Toronto, ON -- Canadian Manufacturing Week (CMW) 2010, to take place Oct. 5-7, 2010, will have a new format, n...


Toronto, ON — Canadian Manufacturing Week (CMW) 2010, to take place Oct. 5-7, 2010, will have a new format, new location and an improved program.

“In the face of what’s being called the new industrial revolution, the manufacturing sector is being asked to rebrand, to look for innovative ways to decrease costs while producing high quality products,” said Mark Tomlinson, executive director and general manager of the Society of Manufacturing Engineers (SME), organizer of the event. “Canadian Manufacturing Week 2010 is responding with a more streamlined format that will make it easier for visitors to find the answers they need.”

The event will take place at the Toronto Congress Centre, North Hall, 650 Dixon Road, Mississauga, ON, located near the Pearson International Airport.

New to this year’s event is a three-zoned format intended to more clearly and conveniently group the latest manufacturing technologies and solutions into specific areas:

Weld Expo Canada will focus on forming, fabricating and finishing. This zone will highlight everything required for sheet metal operations, from laser, arc and robotic welding to stamping, waterjet cutting and pressworking, to coating equipment, electroplating and automated finishing.

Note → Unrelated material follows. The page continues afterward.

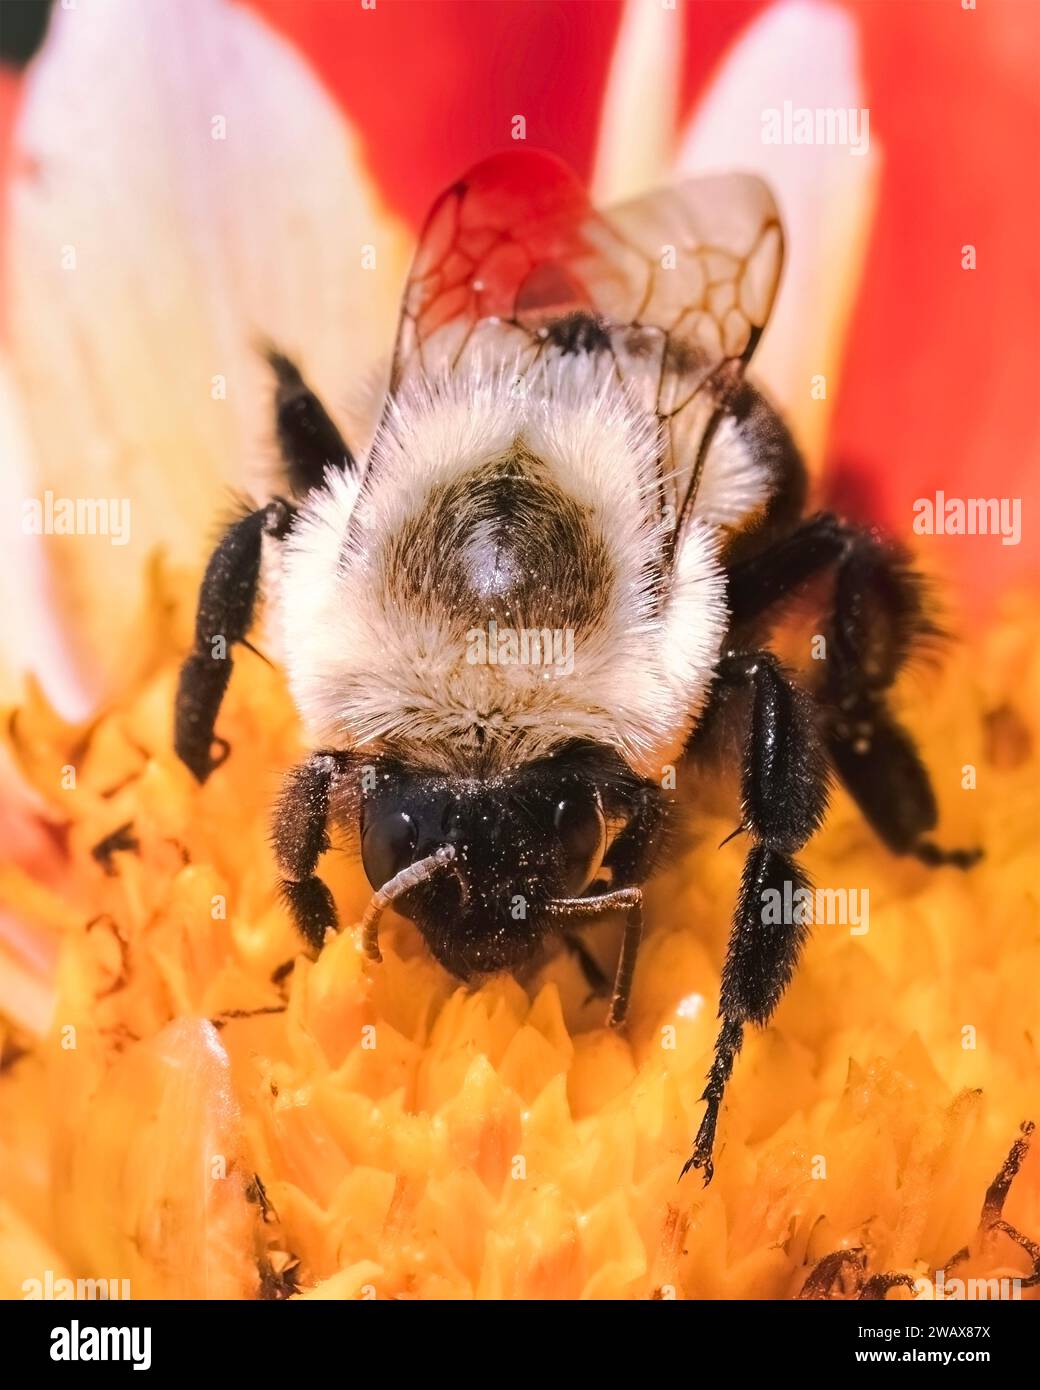 Frontal view of a female Bombus impatiens Common Eastern Bumble Bee feeding and pollinating a red and yellow dahlia flower. Long Island, New York, USA Stock Photo

An Advanced Manufacturing Zone will zero in on the factory of the future with a focus on automation and assembly, design engineering and software, additive manufacturing, reverse engineering and electronics manufacturing. Technologies on display will include robotics, sensors, machine vision, virtual reality, simulation and three-dimensional imaging.

A Physical Asset Management Zone will be where manufacturers can learn about running an efficient operation. In addition to green solutions for fluid and waste management or air quality control, it will feature products for asset tracking and management, plant engineering and maintenance, as well as lean manufacturing.

According to Tomlinson, more than half of CMW visitors are high-level manufacturing professionals, accompanied by buying teams with significant equipment budgets. He points to a survey conducted by SME in February 2010, polling 552 Canadian manufacturers, that shows 70% of respondents see their businesses increasing in the next 12 to 18 months. More than 14% of respondents say they are likely to spend $1 million or more on manufacturing equipment in the next year to year-and-a-half, with almost 23% vciting budgets in excess of $250,000.

At CMW 2010, they will be able to make hands-on evaluations and comparisons of the technology and solutions they need to compete in a global market, Tomlinsonsaid.

Technologies and solutions will be showcased at the event for many industries, including aerospace, automotive, construction, defence, electronics, fabricated metal/stampings, government, industrial machinery/equipment, medical devices/pharmaceuticals, transportation, steel manufacturing, and utilities/energy.